Short Strangle for NIFTY

#1
Hello Everyone,

I am gonna try this with small amount to see how it works. And people, any advice is welcome.

Most of the out-of-the money options expire worthless. Same goes for NIFTY. So what if I short a Strangle just before expiry.

For example, say NIFTY is trading at 5800 one week before expiry. So it's highly unlikely that NIFTY will go above 6300 or come down 5300. So if I short call option at strike 6300 and put at strike 5300. Most probably they will expire worthless giving profit for the entire premium.

Lets see.
 

rkkarnani

Well-Known Member
#2
Hello Everyone,

I am gonna try this with small amount to see how it works. And people, any advice is welcome.

Most of the out-of-the money options expire worthless. Same goes for NIFTY. So what if I short a Strangle just before expiry.

For example, say NIFTY is trading at 5800 one week before expiry. So it's highly unlikely that NIFTY will go above 6300 or come down 5300. So if I short call option at strike 6300 and put at strike 5300. Most probably they will expire worthless giving profit for the entire premium.

Lets see.
On 23rd June, a week before Expiry on 30th June 2011 Nifty closed around 5300, so as per your strategy we Sell 5800 CE and 4800 PE!! Just see what premium you would get!!! Consider Brokerage and Other charges...!!! Rates are for 23rd June 2011.
The Gross amount received by you would be 0.90 and 1.00 = 2.00 !!! Reduce it by the expenses...!!!

Code:
INSTR.	SYMBOL	EXPIRY_DT	STRKE	OP._TYP	OPEN	HIGH	LOW	CLOSE	SETTLE_PR	CONTRACTS	VAL_INLAKH	OPEN_INT	CHG_IN_OI	TIMESTAMP
Code:
OPTIDX	NIFTY	30-Jun-11	5800	CE	1	1	0.7	0.9	0.9	27641	80170.29	5076450	-45700	23-Jun-11
Code:
OPTIDX	NIFTY	30-Jun-11	4800	PE	2.1	2.1	0.95	1.1	1.1	9758	23425.15	1327200	-59250	23-Jun-11
 
#3
Its just an example. But you get the idea.

Here we have two factors working for us.

1) NIFTY does not move much.
2) NIFTY moves but stays with in the limit specified in call and put.

Guys please use OTM limit according to your perception about NIFTY and comfort level.

Now the probability of this trade can be greatly improved if

1) NIFTY has already moved a good deal.
2) NIFTY is in a channel. Upon break out, you might close the appropriate option or put a stop. Some people might opt for longing straddle or strangle, but with shorting we have the time factor on our side.
 

rkkarnani

Well-Known Member
#4
We may have time factor on our side but no TIME VALUE to encash!!! Maybe a nearer strike price may work better.... if we can have a look in Nifty what has been the moves in last one week before closure say in last few years and decide which nearest strike is most likely to end worthless!! For 10% away Strikes the returns are not good enough to trade...just my $0.02
 
#5
Hello Everyone,

I am gonna try this with small amount to see how it works. And people, any advice is welcome.
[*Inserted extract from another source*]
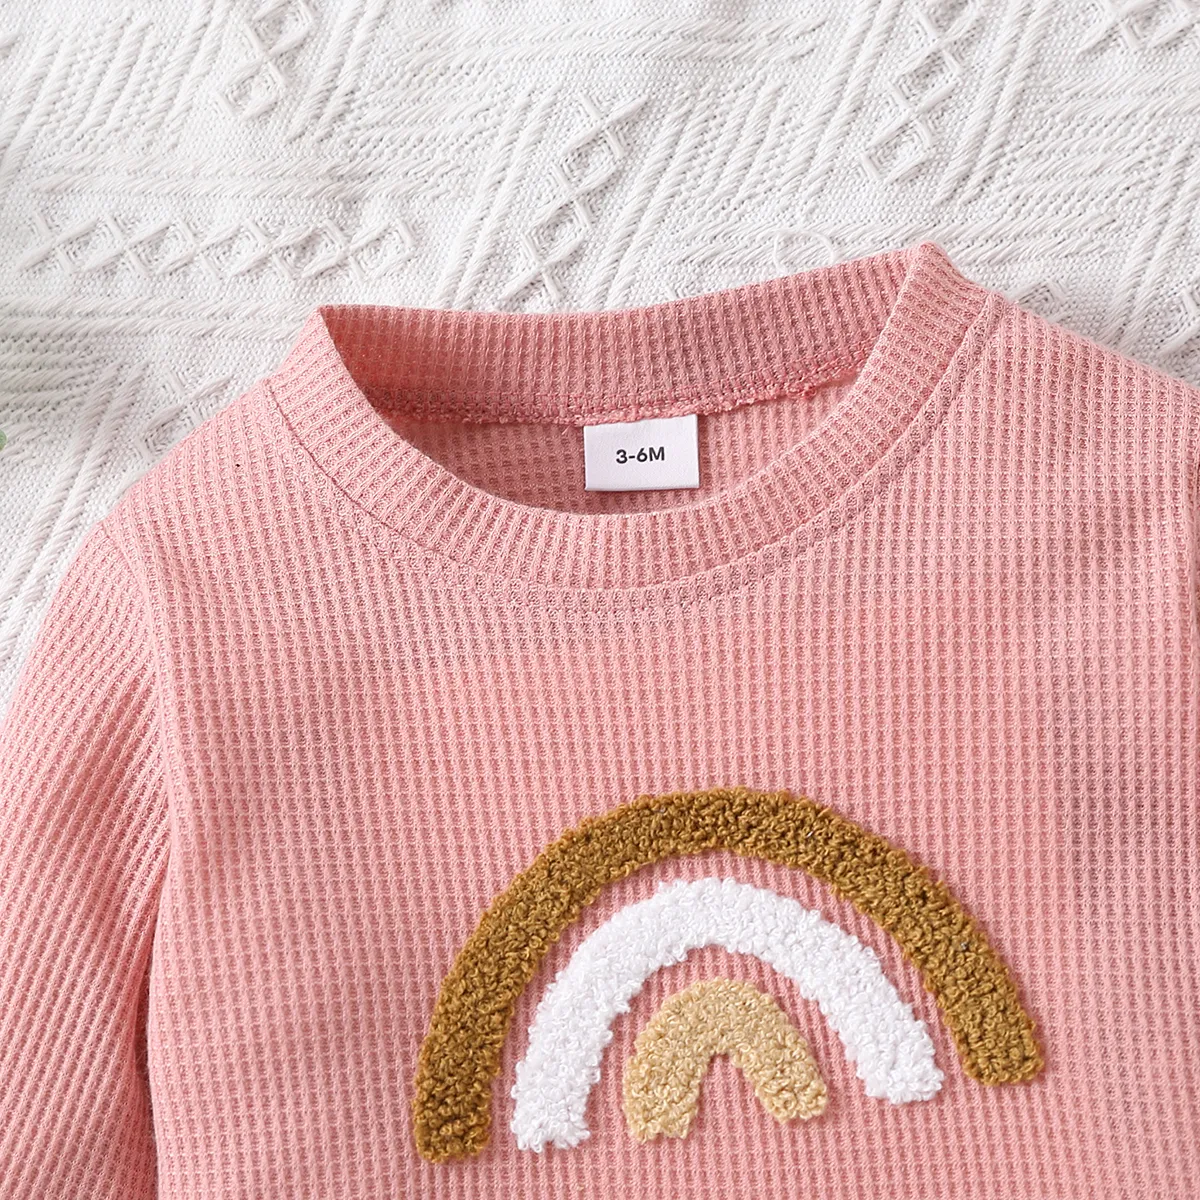 Baby Boy/Girl Letter/Rainbow Design Long-sleeve Sweatshirts Pink big image 1

Most of the out-of-the money options expire worthless. Same goes for NIFTY. So what if I short a Strangle just before expiry.

For example, say NIFTY is trading at 5800 one week before expiry. So it's highly unlikely that NIFTY will go above 6300 or come down 5300. So if I short call option at strike 6300 and put at strike 5300. Most probably they will expire worthless giving profit for the entire premium.

Lets see.
Please see the following thread on the Traderji, that has used the strategy similar to what you're suggesting (selling one far-out-of-money call option and selling also one far-out-of-money put on Nifty); see different posts in that thread since the later posts in that thread use that strategy more.

http://www.traderji.com/options/36103-picking-up-nickels-front-steamroller.html

However, the above strategy appears to have failed in September, 2010, when Nifty moved about 600 points from August expiry to September expiry. Probable reason for this failure is explained in my post in the above thread (see following link):

http://www.traderji.com/options/36103-picking-up-nickels-front-steamroller-28.html#post567858

This strategy won't work for a long term. You'll collect 10-20 points in each month for 6-7 months, and then in month when Nifty suddenly makes a move of 500-600 points, you'll lose 200+ points.

Instead, have the courage to use short straddle just out of the money or at the money, where the options values are big and the chances of success will be much greater, more so when the market is likely to trade sideways. Of course, plan properly and cautiously since it can be risky sometimes when big market movements take place. Do dry testing and backtesting on the strategy.